Estudios diagnósticos

Las concentraciones de fosfatasa alcalina se encuentran elevadas en más de 80% de los casos. La TGOS está elevada en alrededor de dos tercios, pero la determinación de alfa-fetoproteína en el suero es negativa. El antígeno carcinoembrionario constituye un marcador para el carcinoma colónico metastático.

La combinación de TAC, resonancia magnética nuclear y angiografía es lo que mejor define la presencia, la localización y si son operables las lesiones. La ultrasono-grafía transoperatoria ha ayudado a definir las lesiones resecables.

Tratamiento

El tratamiento quirúrgico de las metástasis hepáticas sólo debe considerarse cuando:

  1. se logra o se prevé el control del tumor primario,

  2. no hay metástasis sistémicas o intraabdominales,

  3. el estado del paciente tolerará el procedimiento quirúrgico mayor y

  4. la magnitud de la afección hepática es tal que es factible la resección y la extirpación total de las metástasis.

La resección de segmentos hepáticos que contienen metástasis ha logrado tasas de sobrevida a largo plazo aceptables sin recurrencia en pacientes con cánceres primarios en el colon y el recto y en los que tienen tumor de Wilms.

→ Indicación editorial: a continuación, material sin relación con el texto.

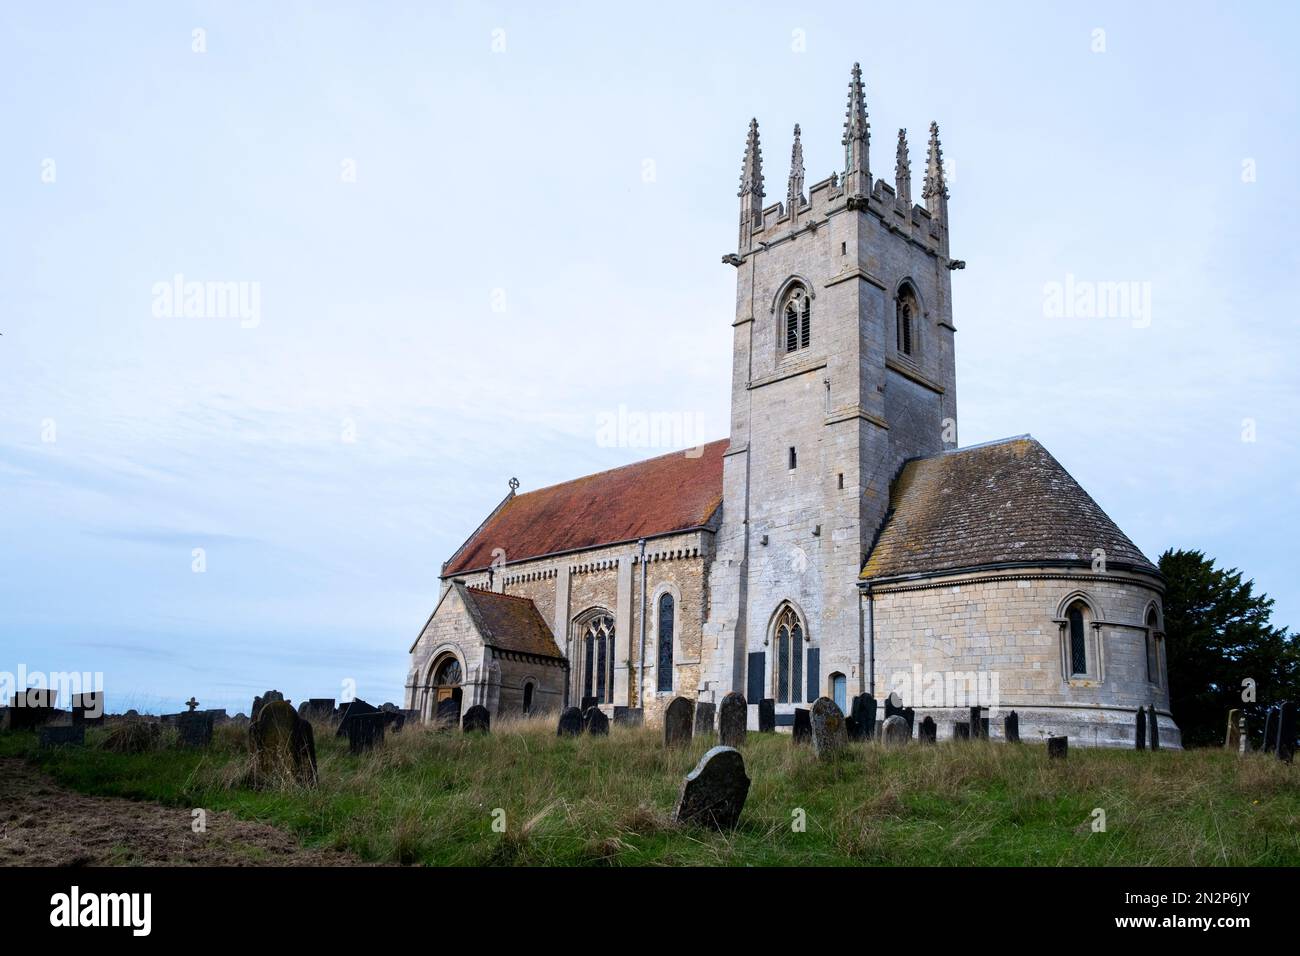 Église St Andrews, Sempringham, Lincolnshire. Église médiévale et site d'un ancien prieuré. Lieu de sépulture de St. Gilbert fondateur de l'ordre Gilbertine Banque D'Images
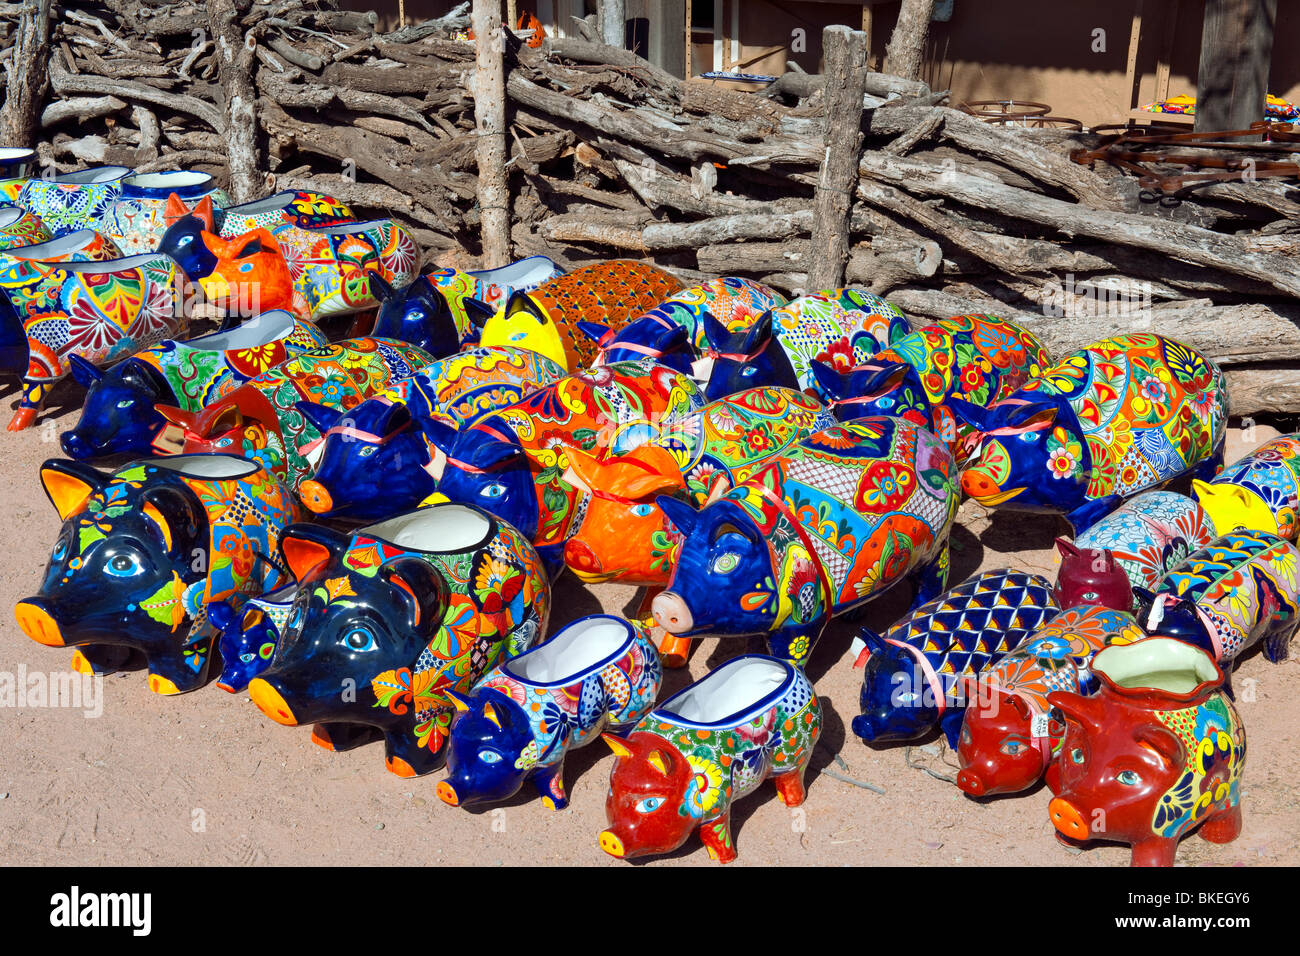 La petite ville de Tubac, Arizona, est connu pour son mélange éclectique de boutiques, galeries d'art et de poteries colorées s'affiche. Banque D'Images

Las metástasis que se encuentran durante una resección del colon deben extirparse en ese momento, si es factible hacerlo sin que se pierda mucha sangre. Sin embargo, si resulta necesaria una resección hepática mayor, la operación se post-pone algunos meses y antes de efectuarla se lleva a cabo TAC y angiografía para valorar si son resecables.

En servicios muy especializados se obtuvo una tasa de sobrevida a cinco años de casi 40 % en pacientes que habían sido sometidos a escisión local de metástasis hepáticas pequeñas provenientes de cáncer colorrectal.

Las medidas quirúrgicas paliativas están indicadas en quienes aquejan dolor intenso asociado con neoplasias hepáticas y para la escisión de metástasis en caso de síndrome ruborizante del tumor carcinoide.

La resección de la porción principal de las metástasis hepáticas (procedimiento de reducción del tumor), ha dado lugar a mejoría sintomática significativa y reducción de las concentraciones del ácido hidroxiindolacético (5-HIAA) a lo normal. Estos cambios subjetivos y objetivos han persistido por varios años.

La ligadura de arterias y la embolización con control radiográfico han logrado resultados similares.

Con la infusión arterial hepática de Floxuridina (FUDR) y mitomicina C se obtiene mejoría sintomática y datos objetivos de reducción del tamaño de las metástasis hepáticas de carcinomas colorrectales. La infusión se lleva a cabo mediante la colocación percutánea del catéter. Ultimamente los pacientes han aceptado una bomba recargable percutánea; se implanta en el tejido subcutáneo y se adhiere a un catéter que se coloca en la arteria hepática mediante una operación. Esto permite la infusión intra-arterial prolongada de agentes quimioterápicos.